With Pfizer's $43 billion acquisition of Seagen, which closed in December, the firm's oncology pipeline has doubled its number of candidates, and the firm gained new cancer therapies already on the market. Pfizer has further created a separate structure for its oncology business in the wake of the acquisition, one that better brings together early- and late-stage research and commercial activities, Bourla said.
"The first thing that we discussed with all the Seagen leaders was: 'What is your secret of success?'" he said. "I realized that the handoff in oncology between early and late [research] is way faster [than other therapeutic areas], where there are very distinct phases, where in oncology it's all blended. It was extremely important to bring early and late together."

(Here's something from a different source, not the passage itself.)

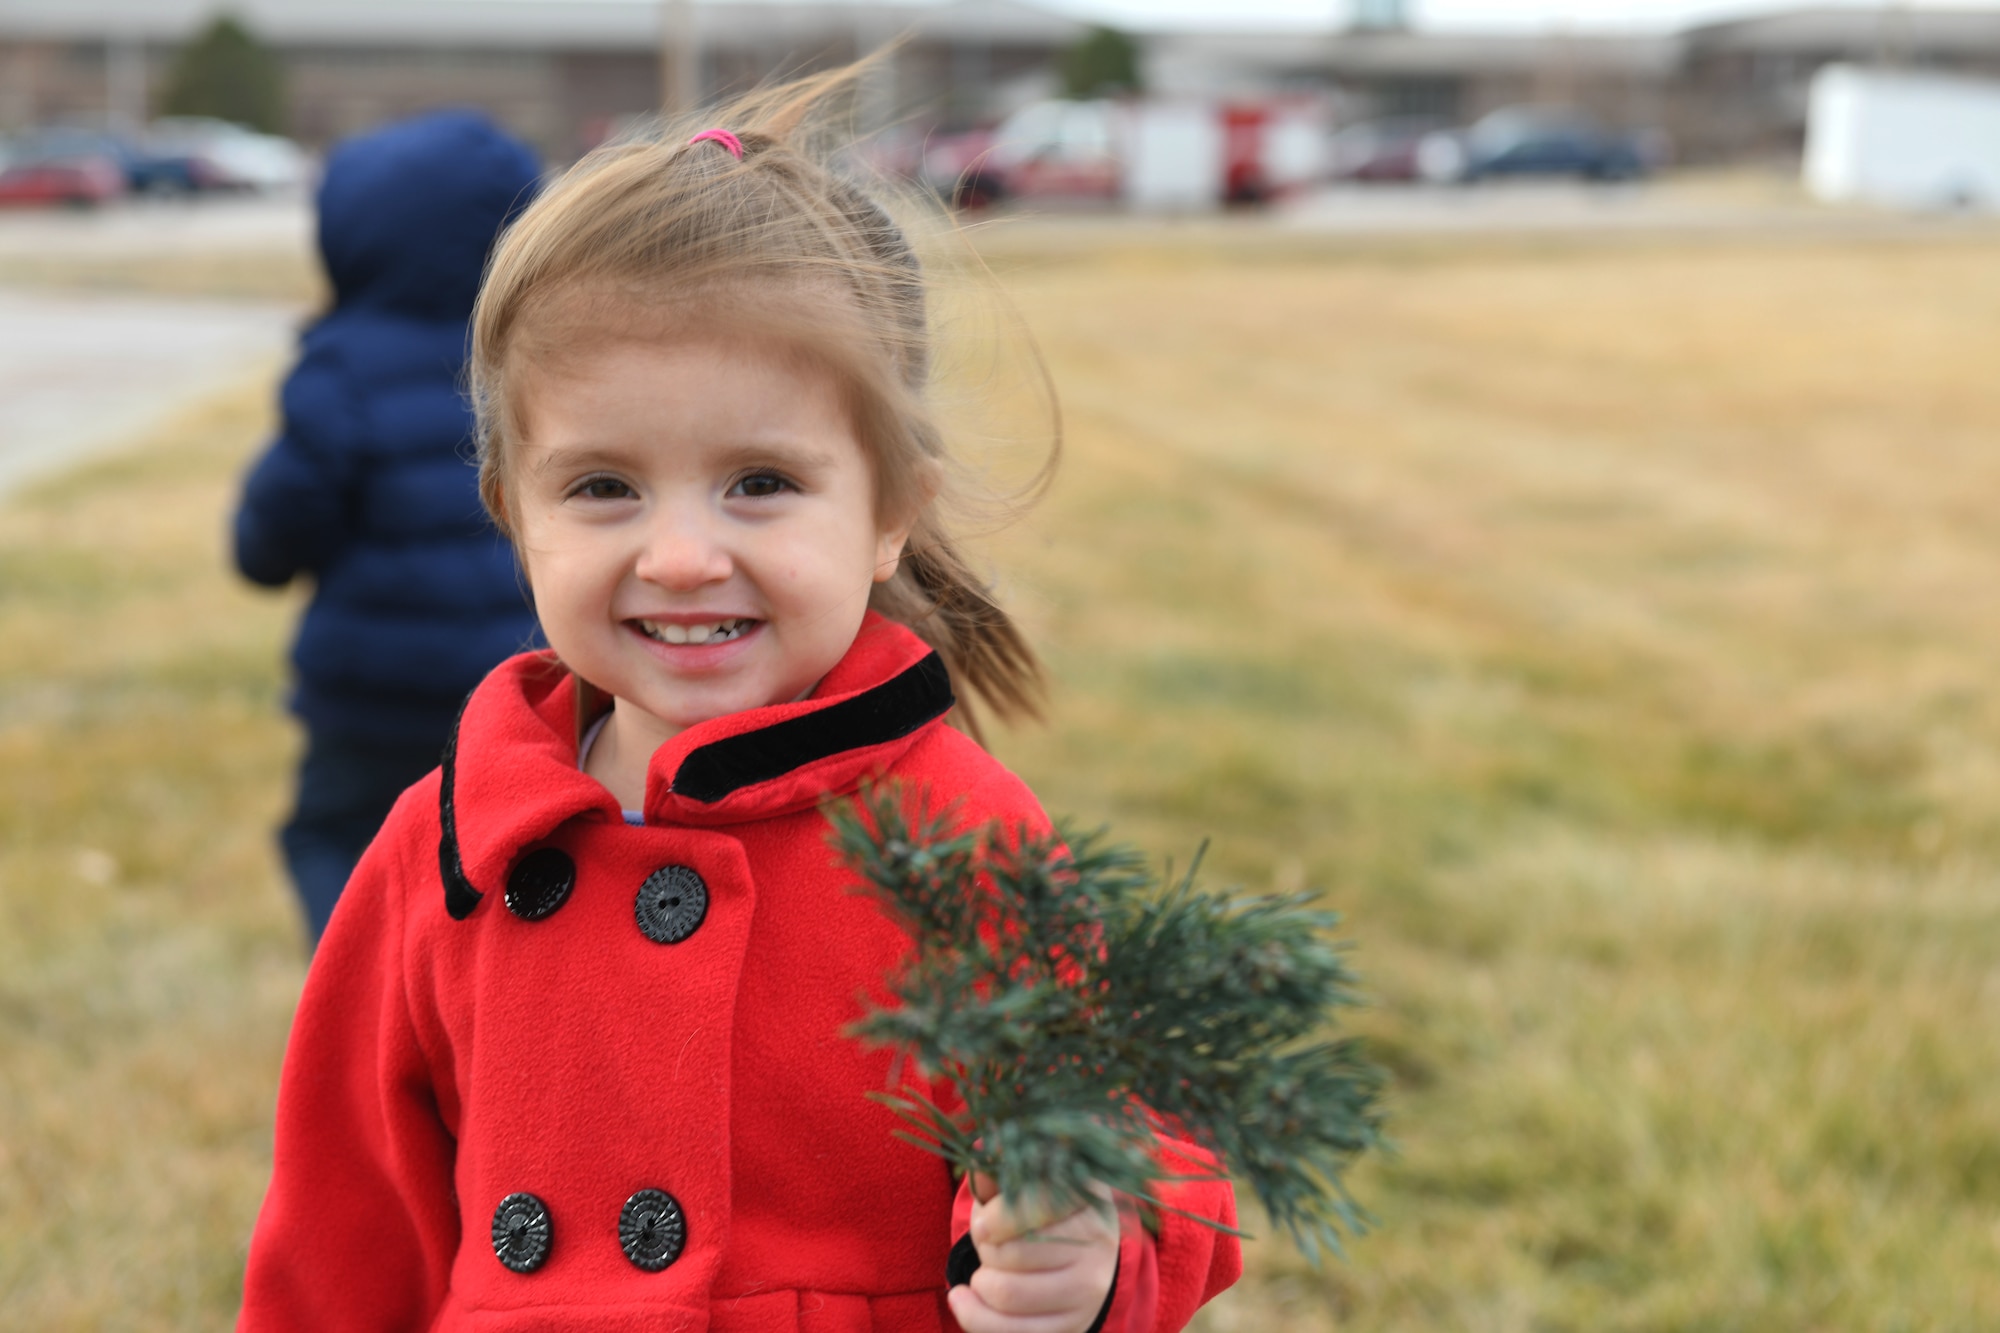 A child holds a branch while searching for tree at outdoor recreation on Ellsworth Air Force Base, S.D., Nov. 30, 2018. Trees for Troops is an event where community members all over the country donate trees to service members so they can have a free tree for the holidays. (U.S. Air Force photo by Airman 1st Class Thomas Karol)

He also learned from Seagen that bringing the commercial division into the mix earlier for oncology was important. "Oncology is very technical," he said. "You are not selling consumer conviction. You're selling on data and your ability to explain those data to the people. So, it was decided that [R&D and commercial] would become one."
The new Pfizer Oncology division is led by Chris Boshoff as chief oncology officer. Bourla also noted that the leadership of this unit is split evenly between Pfizer and Seagen leaders, as is the overall employee mix in the division.
"We have seen multiple times that big companies like us buying smaller companies like Seagen and killing the innovation in the first year because they bring them into their own bureaucracy," Bourla said.
This year, Bourla is excited about several oncology products entering Phase III studies, including the multiple myeloma treatment elranatamab, the investigational CDK4 inhibitor in breast cancer, and a Seagen antibody-drug conjugate asset, SGN-B6A, in non-small cell lung cancer.